Consider the scenario, where a thread can only proceed with a task (transaction), when locks are gained on a number of objects (array of objects is dynamic and cannot be predicted). In this example, an ID can represent an Object, which needs to be modified as part of "transaction".

Example:

Thread: Objects to Lock (as part of transaction)

T1:       A   B   C   D

T2:           B       D

T3:       A           D

EDIT: Improving the example

Clearly, doing sequential dynamic locking, can cause a deadlock for all threads, as T1 can gain lock of A, while T2 gains lock on B, and T3 grabbed lock on D. T1 waits for T2 to release B, and T2 waits for T3 to release D, and T3 waits for T1 to release A.

What are possible options to implement such multi-object locking?

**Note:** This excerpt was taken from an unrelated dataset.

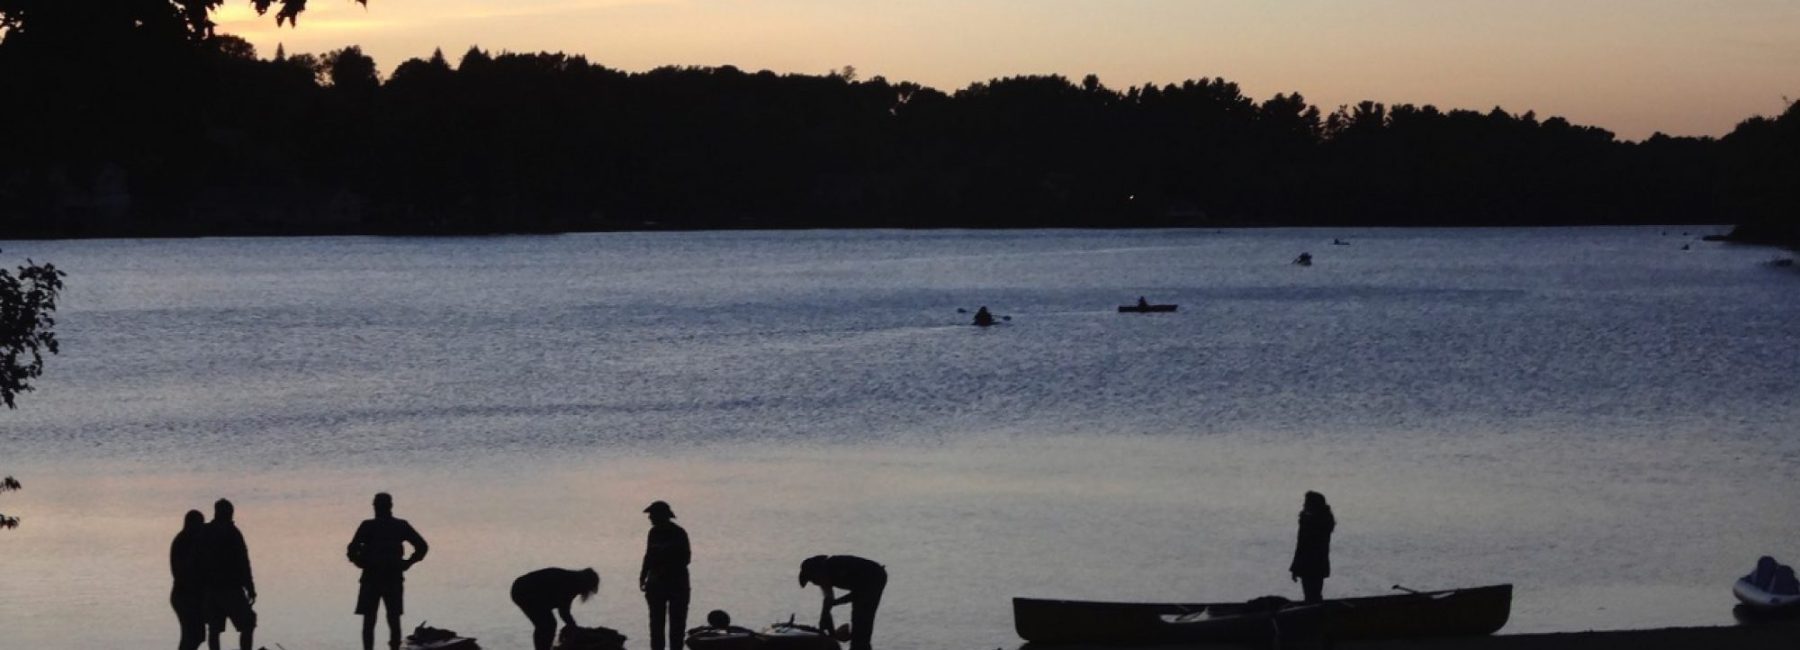 Lake Gardner Moonlight Paddle – TIMING MOVED

The question is in part theoretical, and in part practical as it must be solved in C# / .NET

Possible Solution:

In order to keep both the parallelism and also maintain correct locking, I thought of the following scheme:

Two Queues:

  1. Sequential Queue (served by 1 thread only, hence sequential)
  2. Parallel Queue (served by a pool of threads)

When a request arrives for N objects, examine each object Id and if increment lock count for each ID (this can be a Dictionary<int, int> - <Id, Lock Count>).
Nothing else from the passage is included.